◆ AVAILABLE DATA ◆
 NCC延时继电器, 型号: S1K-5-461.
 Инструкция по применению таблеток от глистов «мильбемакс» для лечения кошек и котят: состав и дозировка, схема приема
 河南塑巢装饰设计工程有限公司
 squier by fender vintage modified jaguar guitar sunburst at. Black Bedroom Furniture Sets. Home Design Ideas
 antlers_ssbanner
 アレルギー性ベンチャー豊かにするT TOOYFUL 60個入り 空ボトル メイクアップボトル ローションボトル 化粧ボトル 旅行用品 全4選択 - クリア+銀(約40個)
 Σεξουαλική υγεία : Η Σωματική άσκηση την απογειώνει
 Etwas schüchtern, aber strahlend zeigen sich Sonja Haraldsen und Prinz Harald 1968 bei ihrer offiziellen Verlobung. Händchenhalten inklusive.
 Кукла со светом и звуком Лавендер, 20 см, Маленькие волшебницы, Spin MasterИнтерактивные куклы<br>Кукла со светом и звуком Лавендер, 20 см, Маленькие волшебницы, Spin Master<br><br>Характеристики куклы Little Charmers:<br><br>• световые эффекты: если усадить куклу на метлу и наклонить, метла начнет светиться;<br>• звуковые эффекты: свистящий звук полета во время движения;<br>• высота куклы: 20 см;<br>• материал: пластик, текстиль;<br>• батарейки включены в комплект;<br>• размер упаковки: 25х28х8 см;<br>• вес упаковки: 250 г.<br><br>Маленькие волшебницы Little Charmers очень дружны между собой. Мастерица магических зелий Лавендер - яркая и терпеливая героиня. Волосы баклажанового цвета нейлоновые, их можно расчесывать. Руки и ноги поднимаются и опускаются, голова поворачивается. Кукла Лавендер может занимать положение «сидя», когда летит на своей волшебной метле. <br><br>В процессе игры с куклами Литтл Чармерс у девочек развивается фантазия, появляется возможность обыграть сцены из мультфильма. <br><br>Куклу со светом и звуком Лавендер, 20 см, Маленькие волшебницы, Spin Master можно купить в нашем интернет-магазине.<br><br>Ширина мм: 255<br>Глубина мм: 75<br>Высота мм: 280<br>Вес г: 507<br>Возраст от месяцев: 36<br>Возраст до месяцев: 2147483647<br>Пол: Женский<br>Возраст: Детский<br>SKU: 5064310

◆ EXERCISE OBJECTIVE ◆
The full listing above should be reproduced exactly.

◆ SOLUTION TO THIS PROBLEM ◆
 NCC延时继电器, 型号: S1K-5-461.
 Инструкция по применению таблеток от глистов «мильбемакс» для лечения кошек и котят: состав и дозировка, схема приема
 河南塑巢装饰设计工程有限公司
 squier by fender vintage modified jaguar guitar sunburst at. Black Bedroom Furniture Sets. Home Design Ideas
 antlers_ssbanner
 アレルギー性ベンチャー豊かにするT TOOYFUL 60個入り 空ボトル メイクアップボトル ローションボトル 化粧ボトル 旅行用品 全4選択 - クリア+銀(約40個)
 Σεξουαλική υγεία : Η Σωματική άσκηση την απογειώνει
 Etwas schüchtern, aber strahlend zeigen sich Sonja Haraldsen und Prinz Harald 1968 bei ihrer offiziellen Verlobung. Händchenhalten inklusive.
 Кукла со светом и звуком Лавендер, 20 см, Маленькие волшебницы, Spin MasterИнтерактивные куклы<br>Кукла со светом и звуком Лавендер, 20 см, Маленькие волшебницы, Spin Master<br><br>Характеристики куклы Little Charmers:<br><br>• световые эффекты: если усадить куклу на метлу и наклонить, метла начнет светиться;<br>• звуковые эффекты: свистящий звук полета во время движения;<br>• высота куклы: 20 см;<br>• материал: пластик, текстиль;<br>• батарейки включены в комплект;<br>• размер упаковки: 25х28х8 см;<br>• вес упаковки: 250 г.<br><br>Маленькие волшебницы Little Charmers очень дружны между собой. Мастерица магических зелий Лавендер - яркая и терпеливая героиня. Волосы баклажанового цвета нейлоновые, их можно расчесывать. Руки и ноги поднимаются и опускаются, голова поворачивается. Кукла Лавендер может занимать положение «сидя», когда летит на своей волшебной метле. <br><br>В процессе игры с куклами Литтл Чармерс у девочек развивается фантазия, появляется возможность обыграть сцены из мультфильма. <br><br>Куклу со светом и звуком Лавендер, 20 см, Маленькие волшебницы, Spin Master можно купить в нашем интернет-магазине.<br><br>Ширина мм: 255<br>Глубина мм: 75<br>Высота мм: 280<br>Вес г: 507<br>Возраст от месяцев: 36<br>Возраст до месяцев: 2147483647<br>Пол: Женский<br>Возраст: Детский<br>SKU: 5064310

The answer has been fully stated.